Based on the union of all findings:

**CRITICAL (must fix before production):**
1. Clarify Lot/Position aggregate ownership — single source of truth
2. Document cross-aggregate event propagation mechanism (pub/sub? direct write? saga?)

**HIGH (should fix):**
3. Add `OrderReplaced`/`OrderReplaceFailed` events
4. Add `OrderCancelRejected` event or expand fill precedence rule
5. Document pending-state reconciliation behavior on restart
6. Add `fill_id` and broker `execution_id` to fill events
7. Add `LotAdjusted` event for corporate actions
8. Document partial fill → position event chain explicitly

**MEDIUM (nice to have):**
9. Add `RiskBreachDetected` event
10. Document kill switch cascade events
11. Document audit log failure/recovery
12. Add strategy warmup to Infrastructure context
13. Document market data event flow for strategy replay

## Conclusion

Event flow correctness analysis is a valuable lens for event-sourced architectures.
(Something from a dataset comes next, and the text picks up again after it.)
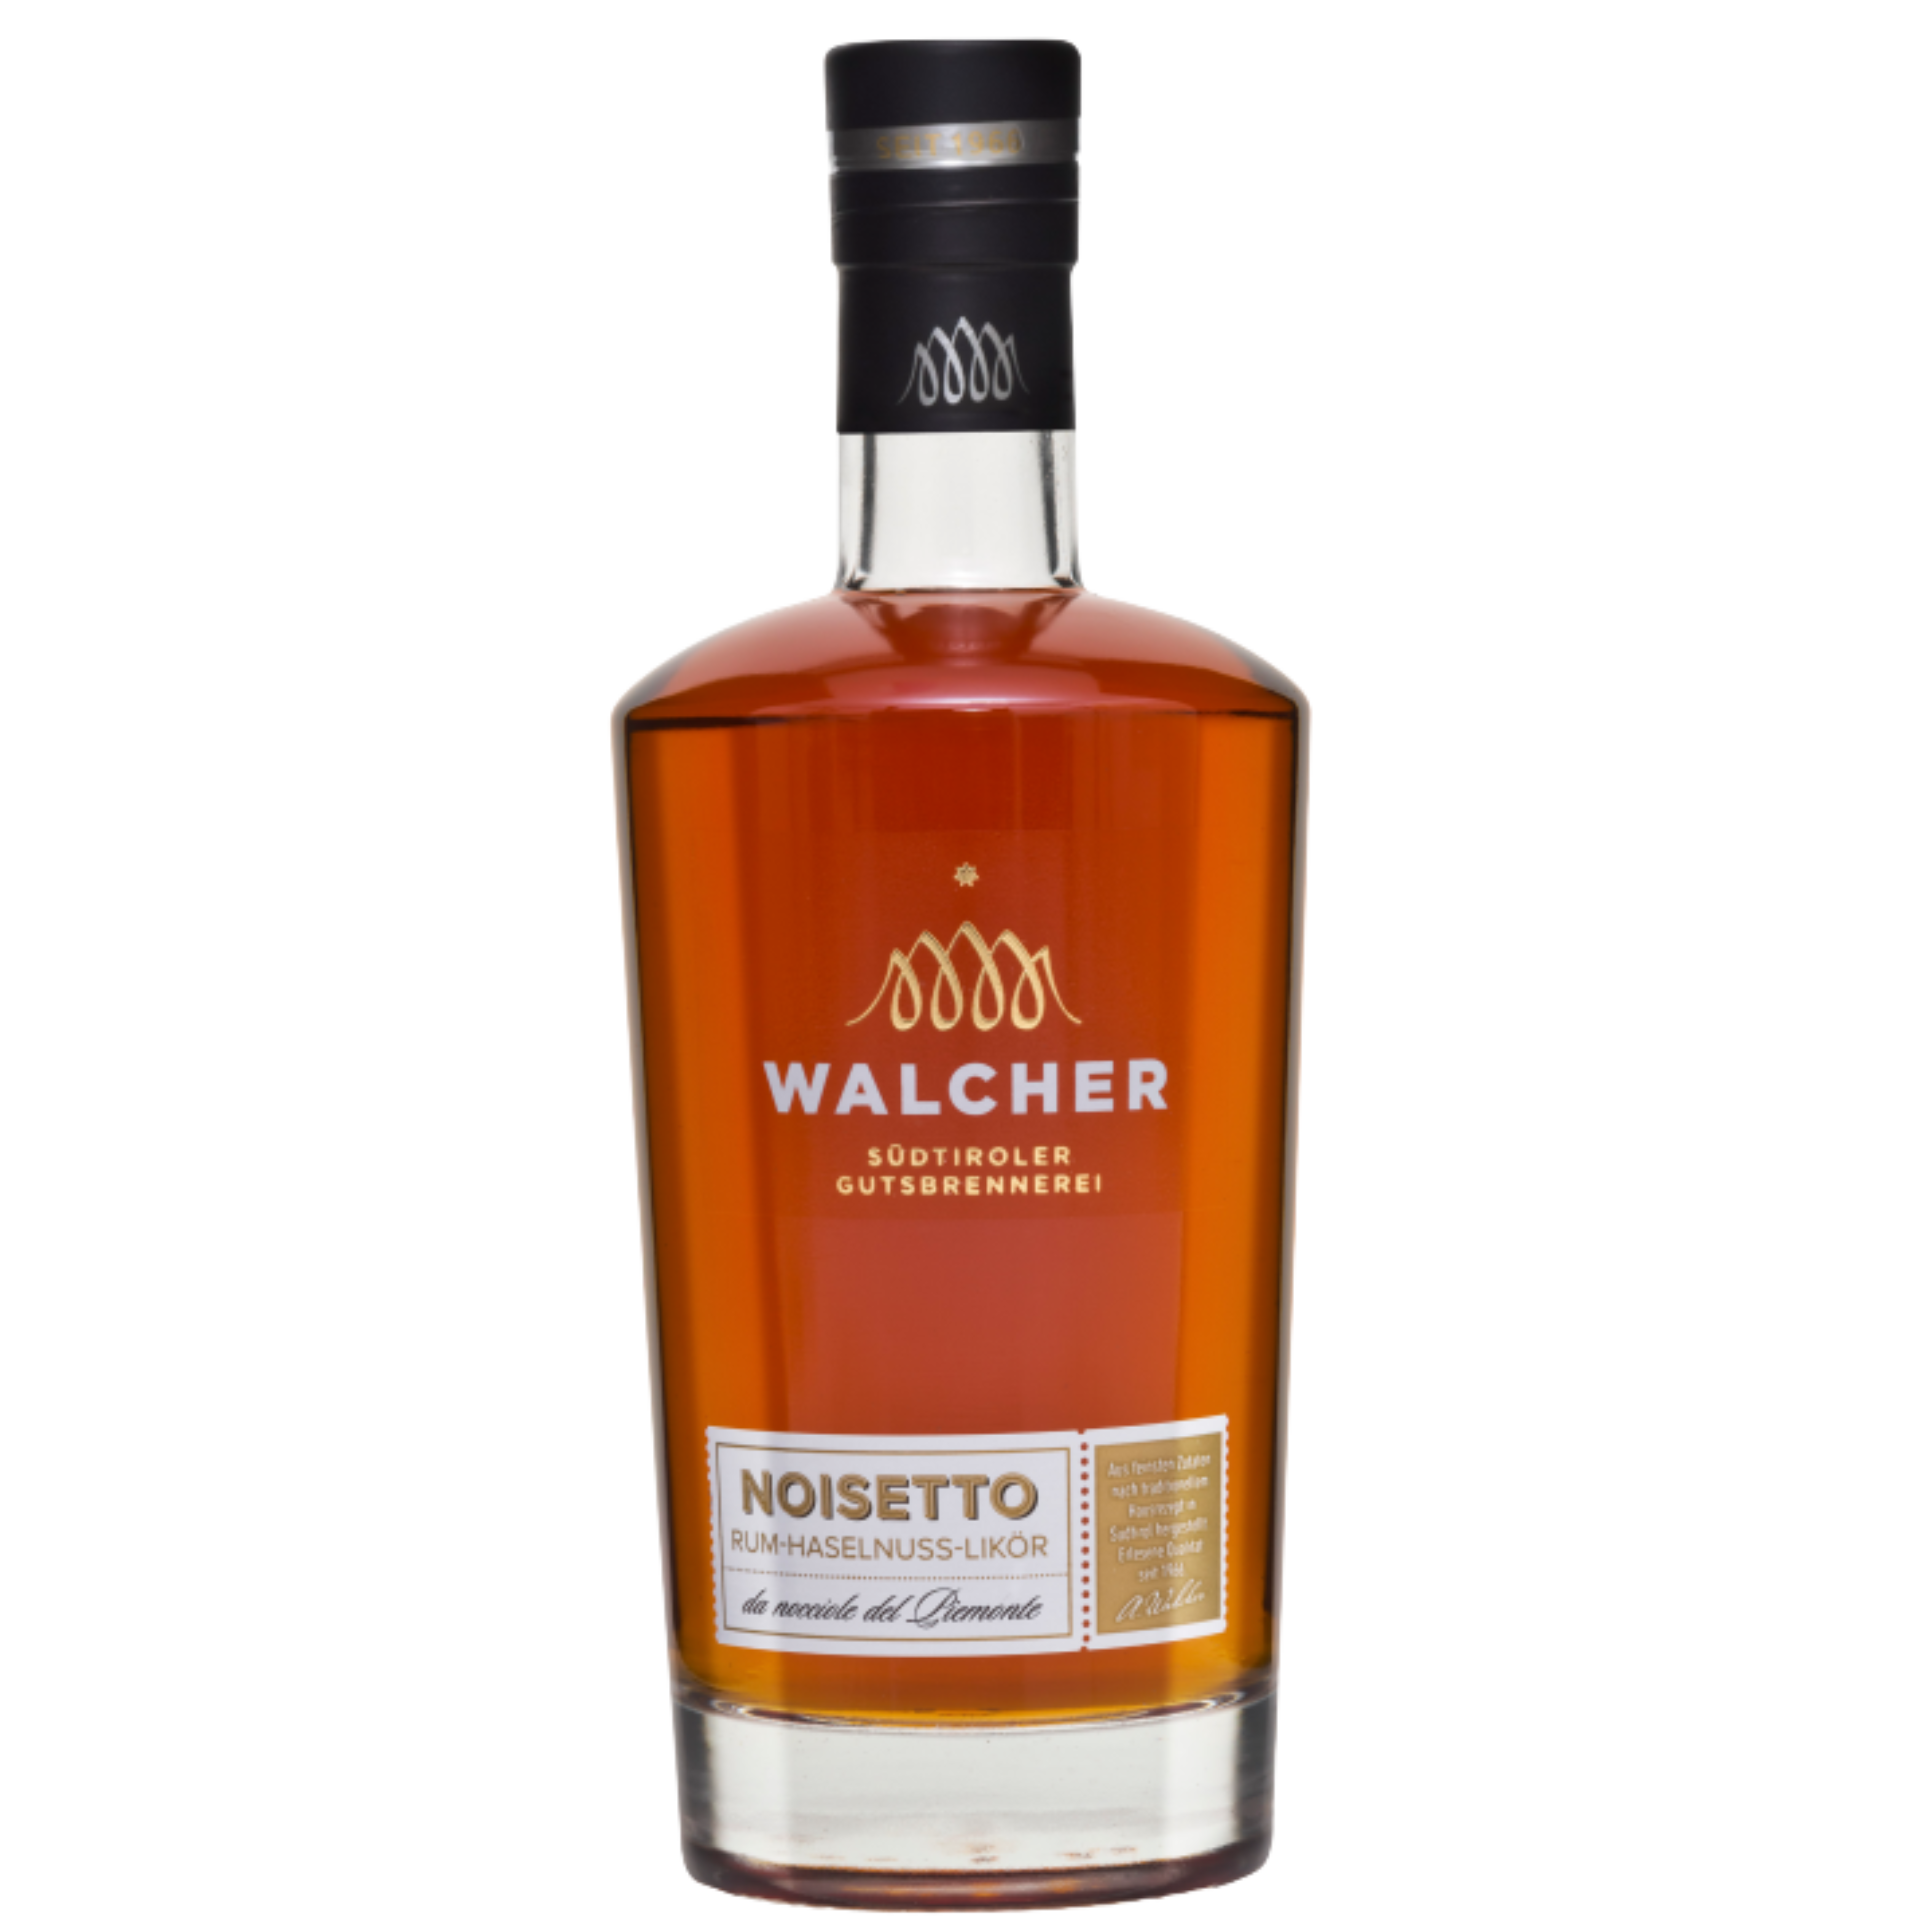 Walcher Noisetto Rum - Haselnusslikör 21% 0,7l

It asks: "Can we replay to correct state from these events alone?" This is different from gap-finding (what's missing conceptually) or contradiction detection (where statements conflict) — it's about operational correctness.

**Model recommendation for this lens:**
- **GPT-5 for external domain knowledge** — catches what real implementations need
- **Opus for failure mode reasoning** — catches what happens at crash boundaries
- **Sonnet for fast screening** — catches obvious structural gaps quickly
- Run all three for thoroughness — they found non-overlapping issues

**Cost-effectiveness:** For time-constrained reviews, Opus (74s) provides the best depth-to-time ratio. For thoroughness, GPT-5 + Opus union captures 18/21 findings. Adding Sonnet catches the remaining 3 (market data flow, stream ID gaps, audit timing).

**New pattern discovered:** Models have distinct "reasoning styles" that event flow analysis exposes:
- GPT-5: "What does the real world need?"
- Opus: "What happens when things fail?"
- Sonnet: "What's structurally missing?"

All three styles find real issues. Use all three.